2009-04-27 Thread polaar

Could this be related to this change: 
http://www.sqlalchemy.org/trac/changeset/5564

I encountered a similar problem with mssql/pyodbc today (the echo
output showed the correct statements and params, but no changes seemed
to be made in the db at all). The problem only occurred when using the
orm/session layer, same statements with engine.execute seemed to work.

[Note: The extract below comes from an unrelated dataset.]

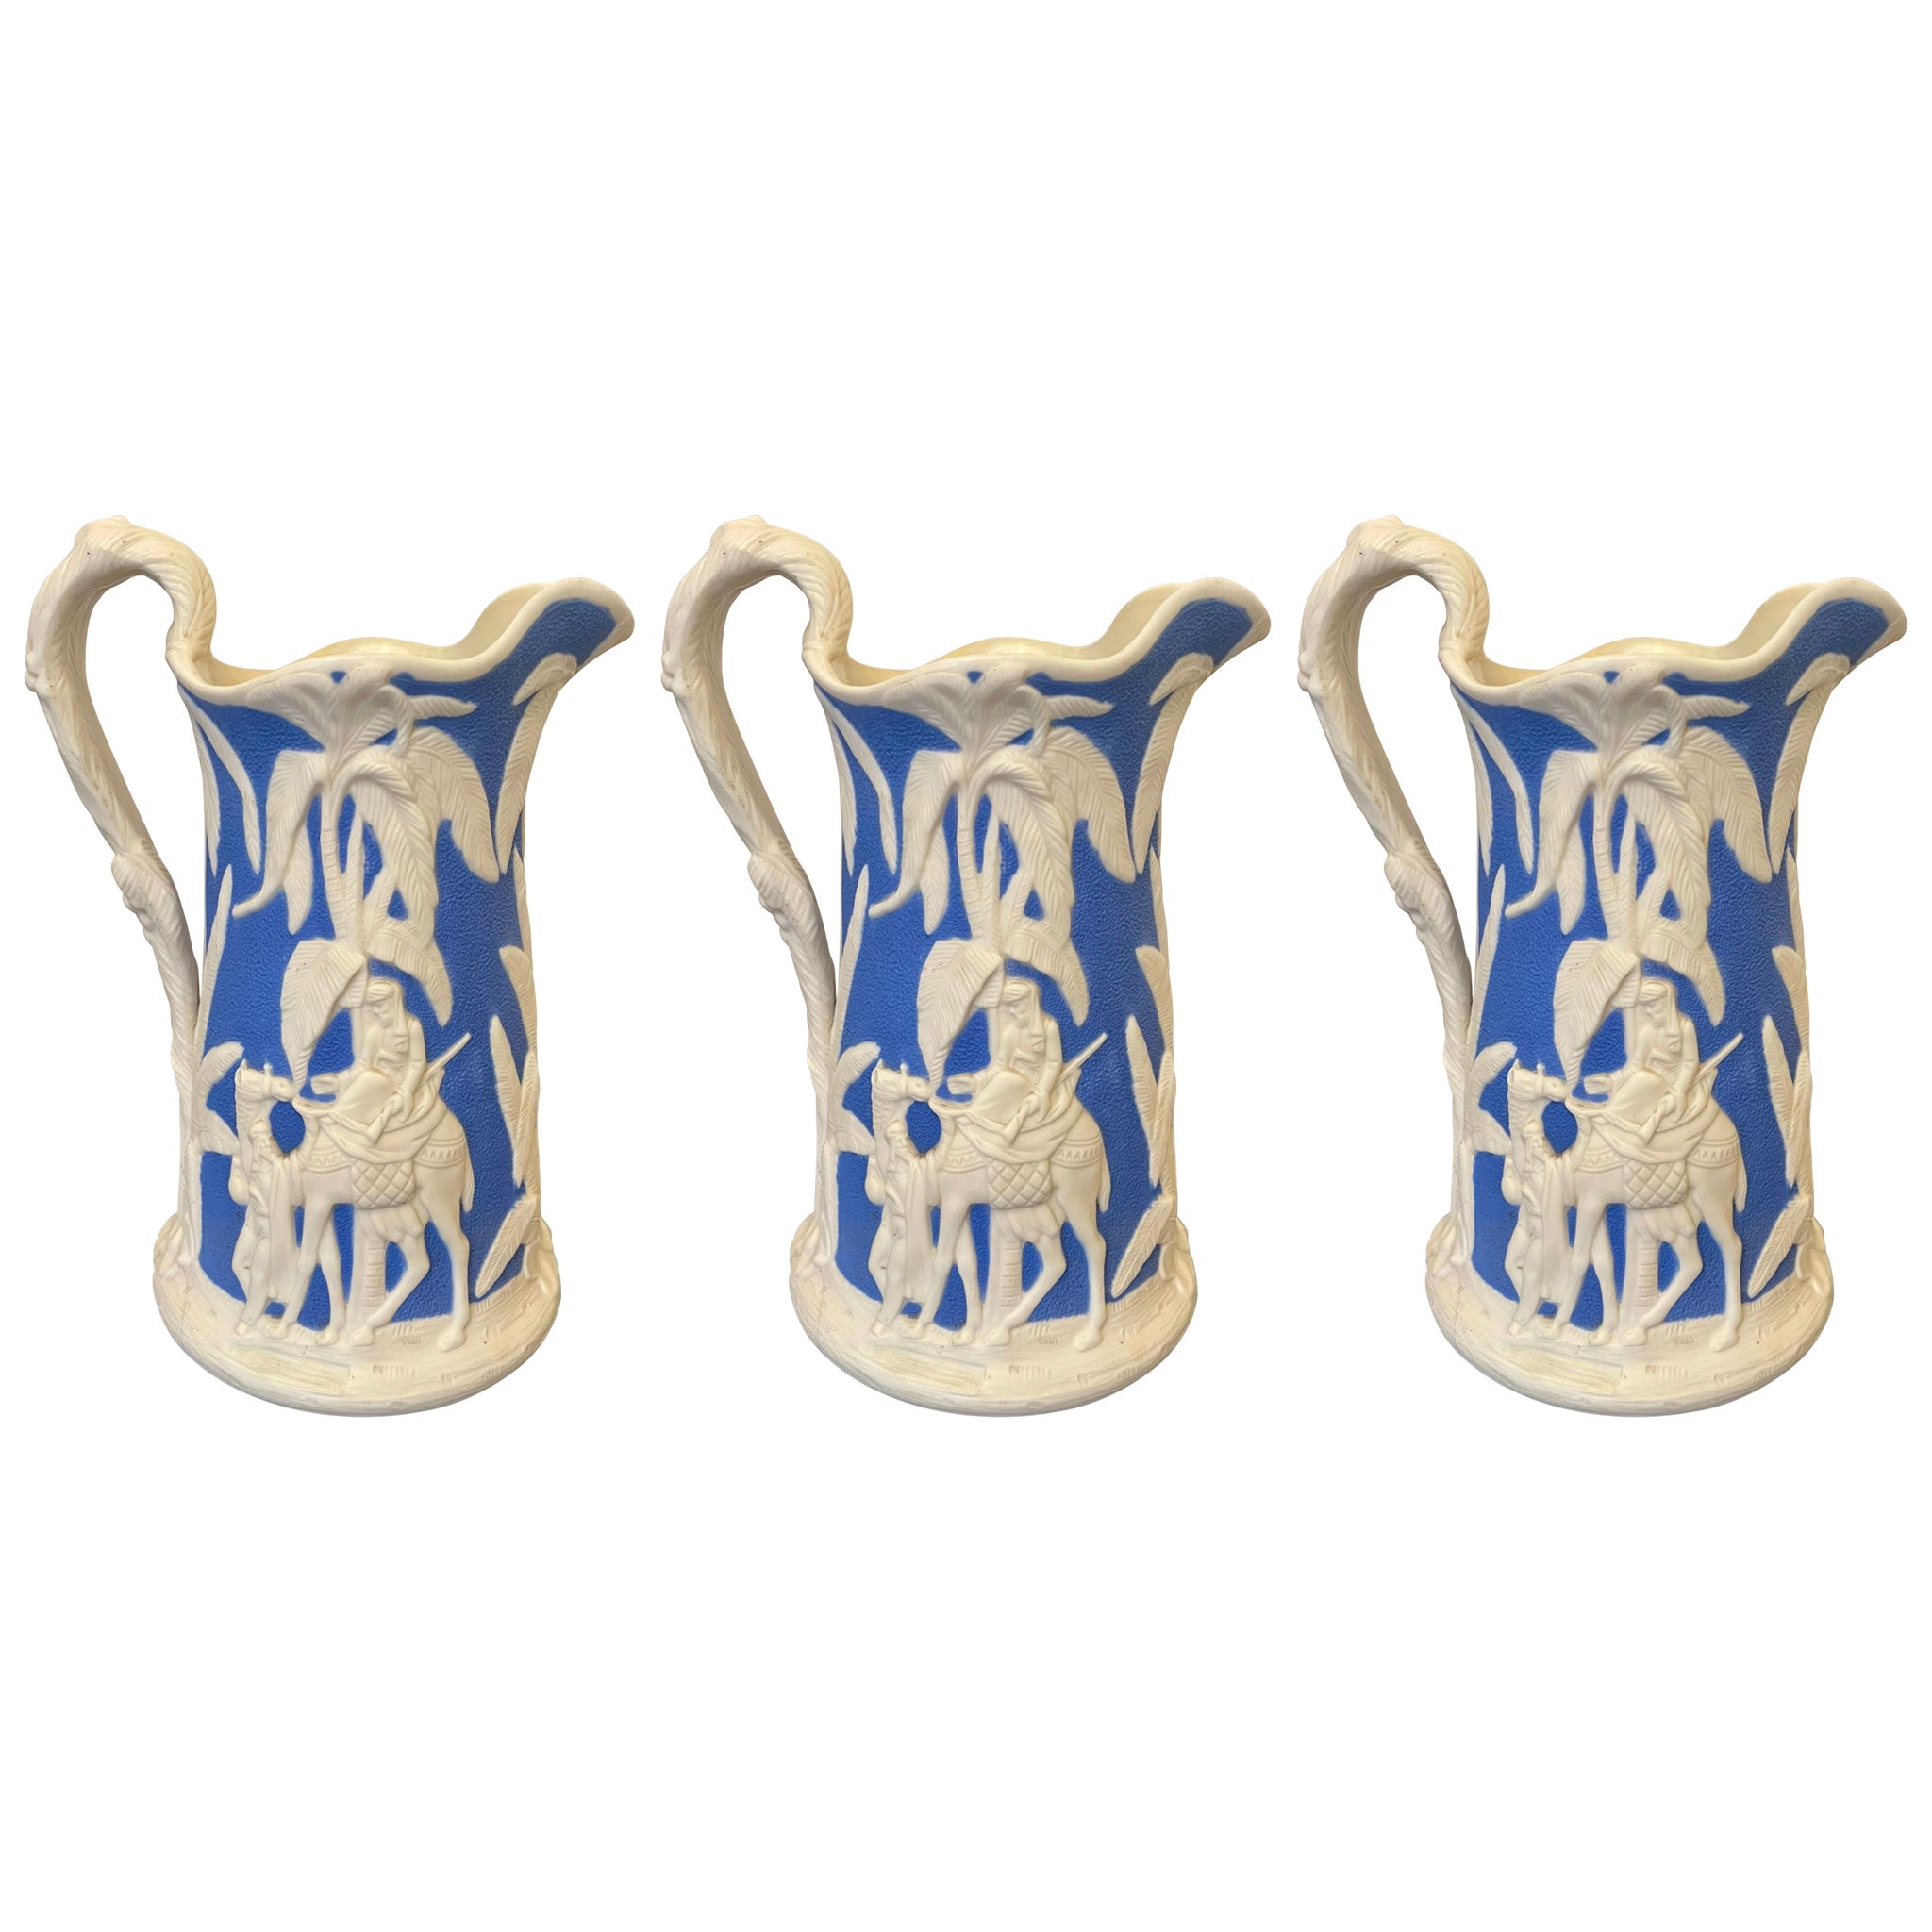 Set of Three Antique Victorian Blue and White Jugs by Samuel Alcock

I managed to fix it by reverting the change with the following
monkeypatch:

from sqlalchemy.databases.mssql import MSSQLDialect
MSSQLDialect.do_begin = lambda self, conn: pass

Not sure this is related though (or if this is a good solution), just
thought I'd let it know in case it helps.

greetings,

Steven



On 25 apr, 15:05, Michael Trier mtr...@gmail.com wrote:
 On Apr 24, 2009, at 7:50 PM, Michael Mileusnich  

 justmike2...@gmail.com wrote:
  Wow..your example worked for me.  Could the kwargs the issue?

 No. Likely you have some sort of conflict on the dbapi side.

 If it's possible for you to send me your actual code  
 (mtr...@gmail.com) I'd be happy to try and figure out the issue.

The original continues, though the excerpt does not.